Saturday, June 2, 2012

June 2

For all my blog readers who are longing to experience some nervous anxiety that is not their own, today is your day. Our Miss Barrett has been thrown into a nervous state by the proposition that she meet Browning's sister and feels compelled to explain to Browning why she cannot see her:

"You understand, dearest beloved, all I could mean about your sister’s coming here. Both I was afraid of not being liked enough .. which was one reason, & none the less reasonable because of your being ‘infatuated’ .. (oh, that is precisely the word to use, & indeed I never falter to myself in the applying of it!)—and I felt it to be impossible for me to receive so near a relative of yours, your own only sister, as I should another & a stranger. There would be the need in me of being affectionate to your sister! how could I not? & yet, how could I? Everything is at once too near & too far—it is enough to make me tremble to think of it—it did, when Mr Kenyon made his proposition. I would rather, ten times over, receive Queen Victoria & all her court––do you understand? can you misunderstand? can you pretend to fancy, as you talked yesterday, that the reluctance came from my having ‘too many visitors,’ or from any of those common causes. Why, she is your sister—& that was the cause of the reluctance. You will not dare to turn it into a wrong against yourself."

I must confess, dear blogoleers, that I feel a great affinity with Miss Barrett. I understand her shyness. But what gives me pause here is her reasoning. Her normally well thought out argumentation escapes her here. She believes that because Browning is infatuated with her that he has over sold her to his sister; that makes sense. However, her exclamation! that she would have to be affectionate to his sister does not seem rational. Why couldn't she just be cordial and if they got on that would be wonderful and if they didn't they could just continue to be cordial. If Browning's sister did not like Miss Barrett she probably wouldn't come back. There is the possibility that his sister could attempt to talk Browning out of the infatuation, but that doesn't seem to be part of Miss Barrett's calculation. But what else is going on in Miss Barrett's brain today?

"Now I am going to ask you a question, dearest of mine, & you will consider it carefully & examine your own wishes in respect to it, before I have any answer. In fact it is not necessary to treat of the subject of it at all at this moment—we have a great deal of time before us.
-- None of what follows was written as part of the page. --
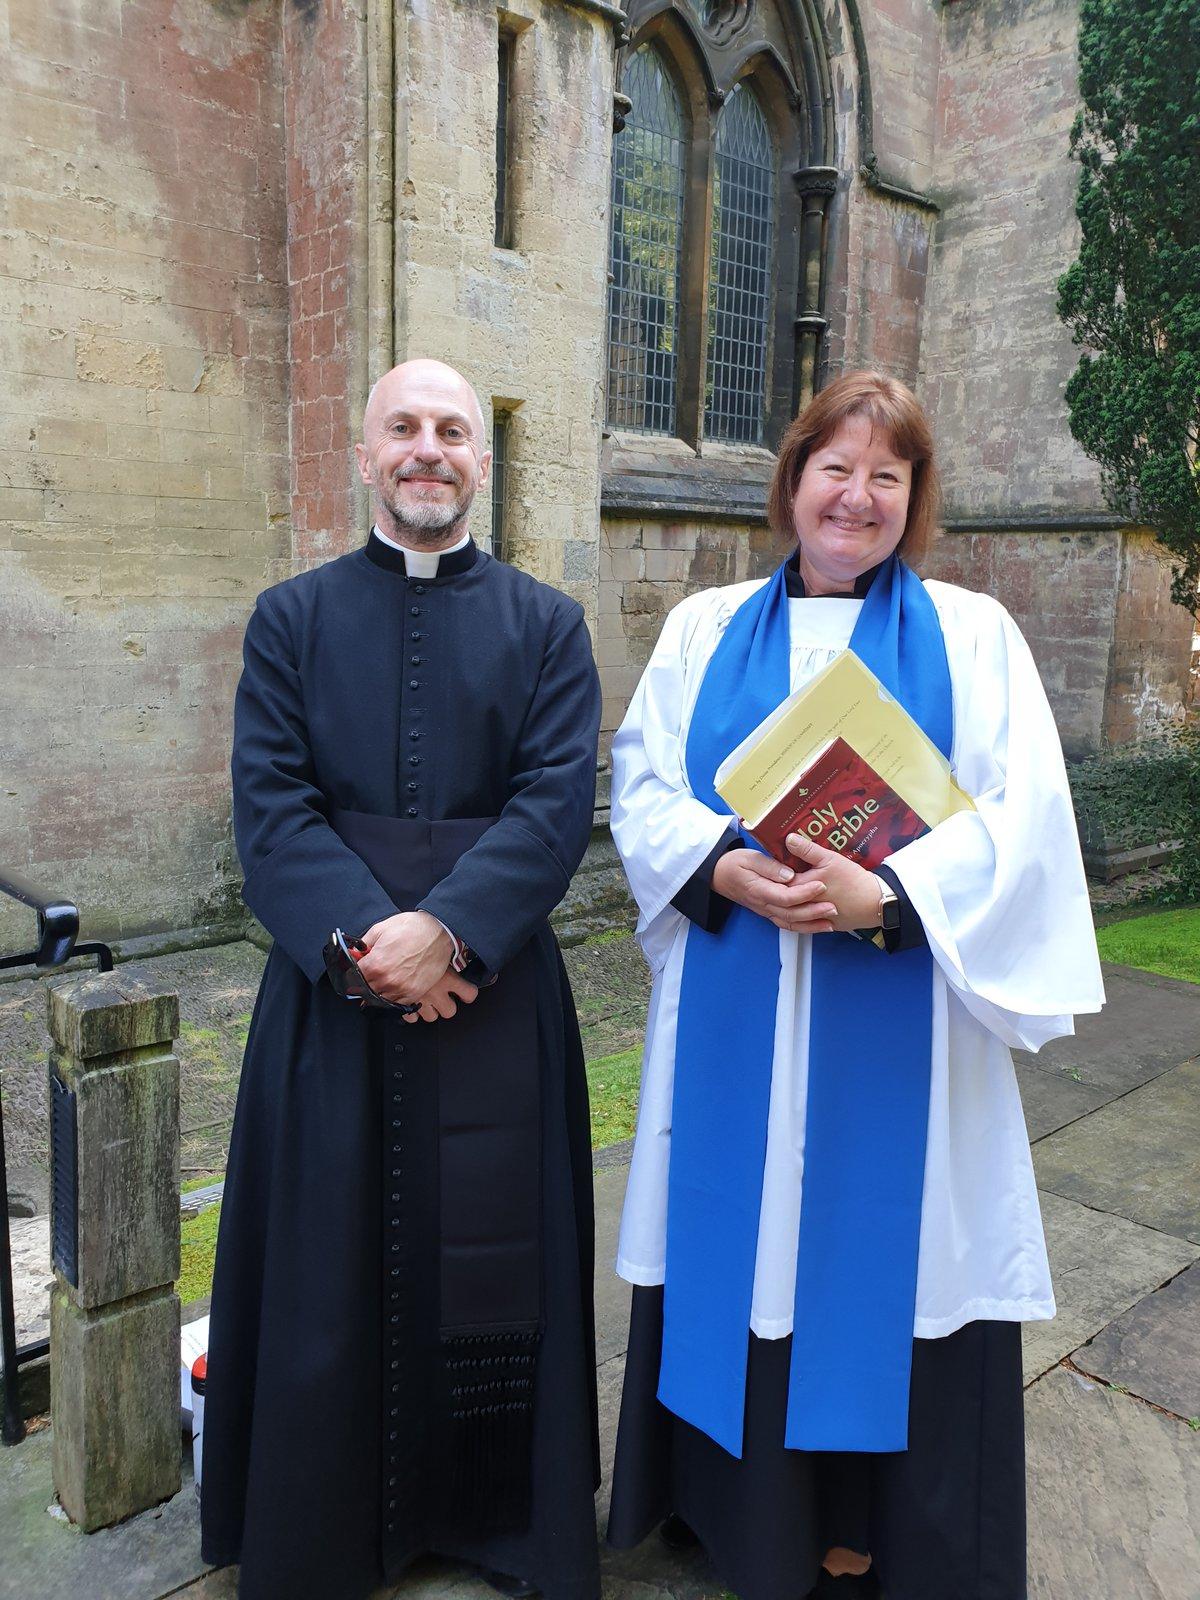 Fr Richard Green and Peta Maidman

Still, I want to know whether, upon reflection, you see it to be wiser & better for me to go to Italy with Miss Bayley, or with any other person who may be willing to take me, (supposing I should find such a plan possible) & that you should follow with Mr Chorley or alone, .. leaving other thoughts for another year. Or if I find this scheme as far as I am concerned, impossible, shall we gain anything, do you think, on any side of the question that you can see, by remaining quietly as we are, you at New Cross, & I here, until next year’s summer or autumn? Shall we be wiser, more prudent, for any reason, or in any degree, by such a delay—?
It is the question I ask you—it is no proposal of mine, understand—nor shall I tell you my own impression about it– I have told you that I would do as you should decide, & I will do that & no other. Only on that very account it is the more necessary that you should decide well, & according to the best lights of your own judgement & reason–"

Okay, now I think I understand the reasoning here. She is trying to give him a path out. In part one of the letter she tells him that she is too nervous to meet his sister. She realizes that this might be a problem for  him (I have to think that he could have talked her into it) and so gives him a way of saying: 'Well, she is a mess. I should try to find another genius poet and drop her because, for pity's sake, she is scared of my sister.'

She writes again later in the day, more chatty.  She seems to have gotten over her nervous mood but does mention her inquiry:

"You will not mistake what I said to you this morning my own beloved—you will not?– My promise to you was to place the decision in your hands—& my desire is simply that you should decide according to your judgement & understanding .. I do not say, your affections, this time. Now it has struck me that you have a sort of instinct .. But no—I shall not write on that subject tonight..."

She ends her evening letter with a teazing taunt and then thinks better of it:

"But will you explain to me some day why you are sorry for Italy having been mentioned between us, & why you would rather prefer Nova Zembla? So as to kill me the faster, is it?
Your Ælian says that the oldest painters used to write under a tree, when they painted one, ‘This is a tree’. So I must do, I suddenly remember, under my jests .. I being, it would appear, as bad an artist in jesting, as they were in painting. Therefore .. see the last line of the last paragraph .. ‘This is a jest.’"

Another test of Browning's nerve. How will he respond to her gentle inquiry, her feeler into his thoughts?